Christian Lauterbach: Wir setzen auf ein umfassendes Befähigungskonzept, um die Mitarbeiter:innen und Teams der Bayer Vital in den Veränderungsprozess einzubeziehen und das Verhalten nachhaltig zu ändern. Dazu bieten wir ein breites Spektrum an Unterstützungsmöglichkeiten an, von sogenannten Immersives bis hin zu gezieltem Coaching. Unser Ziel ist es, die Mitarbeiter:innen in die Lage zu versetzen, die neuen Arbeitsweisen und Denkansätze effektiv zu übernehmen und anzuwenden. Dadurch können wir nah an Kund:innen und am Produkt und mit hoher Geschwindigkeit die Innovationen der Zukunft entwickeln. Zudem werden wir Komplexität reduzieren, wodurch wir langfristig deutlich schneller und schlagkräftiger werden. Wir wollen offen sein für neue Perspektiven, Bestehendes kritisch hinterfragen, uns anders Feedback geben und uns auf unsere Stärken besinnen – als Unternehmen und als Beschäftigte.
Health Relations: Können Sie ein Beispiel für einen erfolgreichen Veränderungsprozess in Ihrer bisherigen Karriere bei Bayer nennen und erläutern, welche Methoden und Ansätze zum Erfolg geführt haben?
Christian Lauterbach: In meiner Vergangenheit bekam ich die Gelegenheit eine Landesgesellschaft zu leiten, welche sehr hierarchisch geführt worden war und die Potenziale der Mitarbeitenden nach meiner Analyse nicht ausgeschöpft wurden. Gemeinsam mit dem Management-Team haben wir uns auf eine Reise begeben für mehr offene Kommunikation, Delegation von Verantwortung und Entscheidungen, gezielte Entwicklung von Talenten und Nutzung der neuen Produkte stärkeren Kundenfokus. All dieses hat nach wenigen Jahren zu einer sehr positiven Dynamik im Team geführt und sich auch im geschäftlichen Erfolg gezeigt.
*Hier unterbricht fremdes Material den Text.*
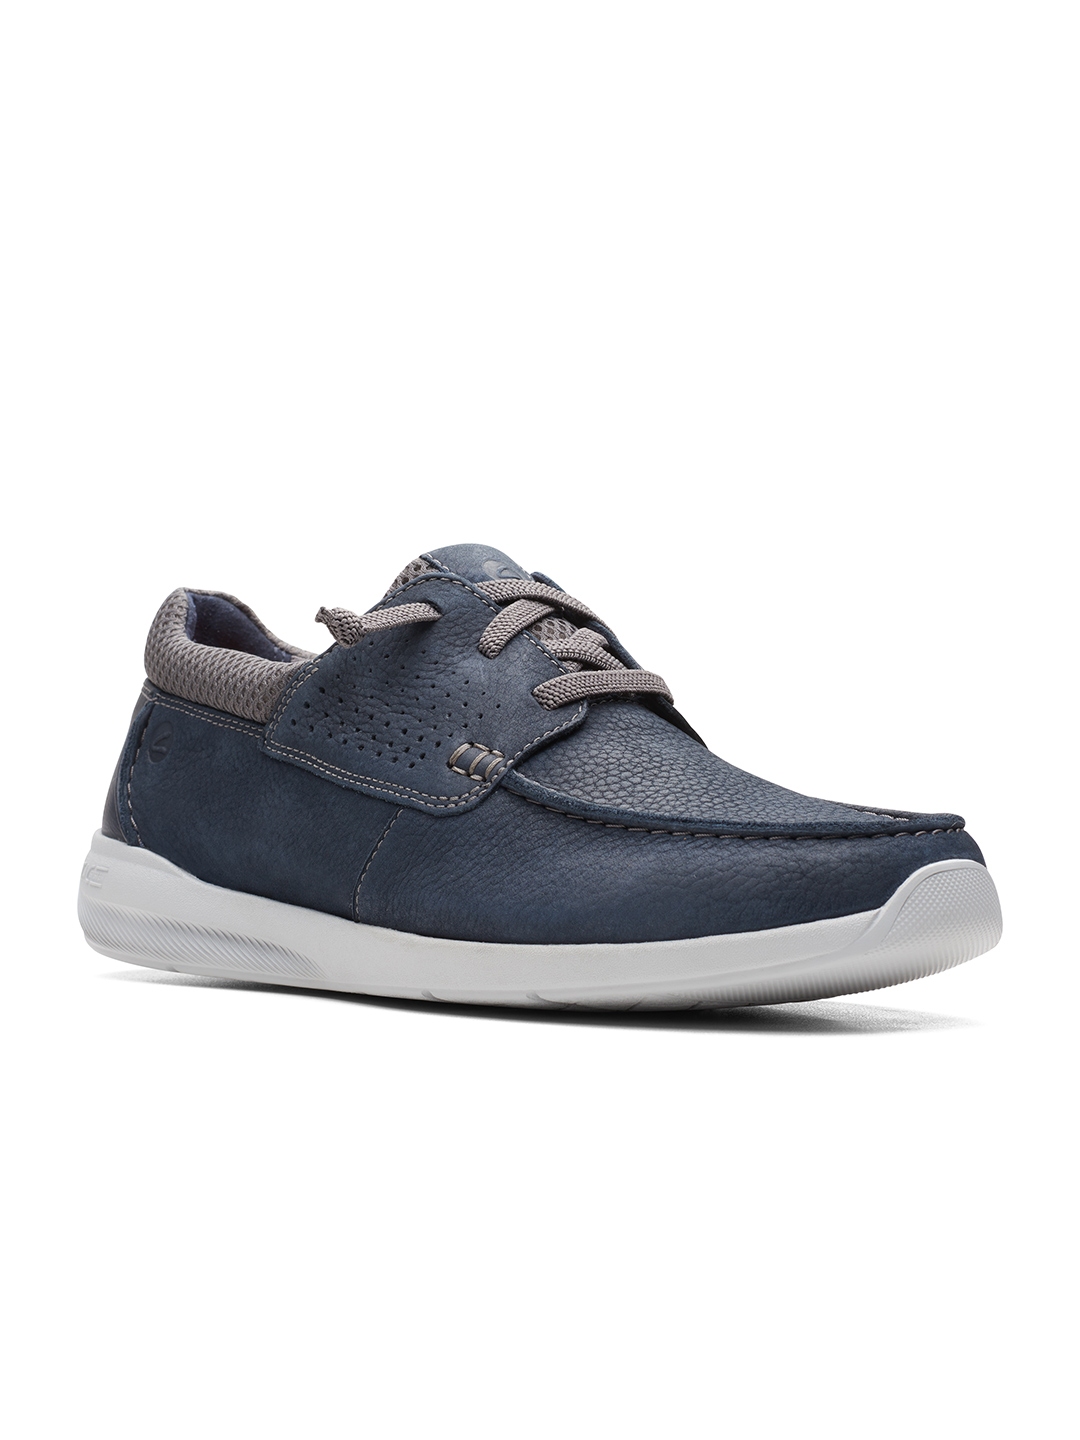 Buy Clarks Men Blue Perforations Nubuck Sneakers - Casual Shoes for Men ...

„Wenn ich Menschen mit unterschiedlichen Perspektiven zusammenbringe und gemeinsam an einer Mission arbeite, dann entstehen neue kreative Lösungen.“
Health Relations: Was war der prägendste Moment in Ihrer beruflichen Karriere bei Bayer und wie hat er Ihre Sichtweise auf Ihre jetzige Arbeit beeinflusst?
Christian Lauterbach: Ich hatte bereits früh in meiner Karriere die Möglichkeit zur Führung von Teams mit und ohne direkte Personalverantwortung. Diese waren sowohl international wie auch cross-funktional aufgestellt. Ich habe so den Wert von Kollaboration über Grenzen hinweg erfahren können. Wenn ich Menschen mit unterschiedlichen Perspektiven zusammenbringe und gemeinsam an einer Mission arbeite, dann entstehen neue kreative Lösungen. In diesem Sinne, steht für mich persönlich die Entwicklung jedes einzelnen Mitarbeiters im Zentrum, um den Erfolg von Teams und des Unternehmens sicherzustellen.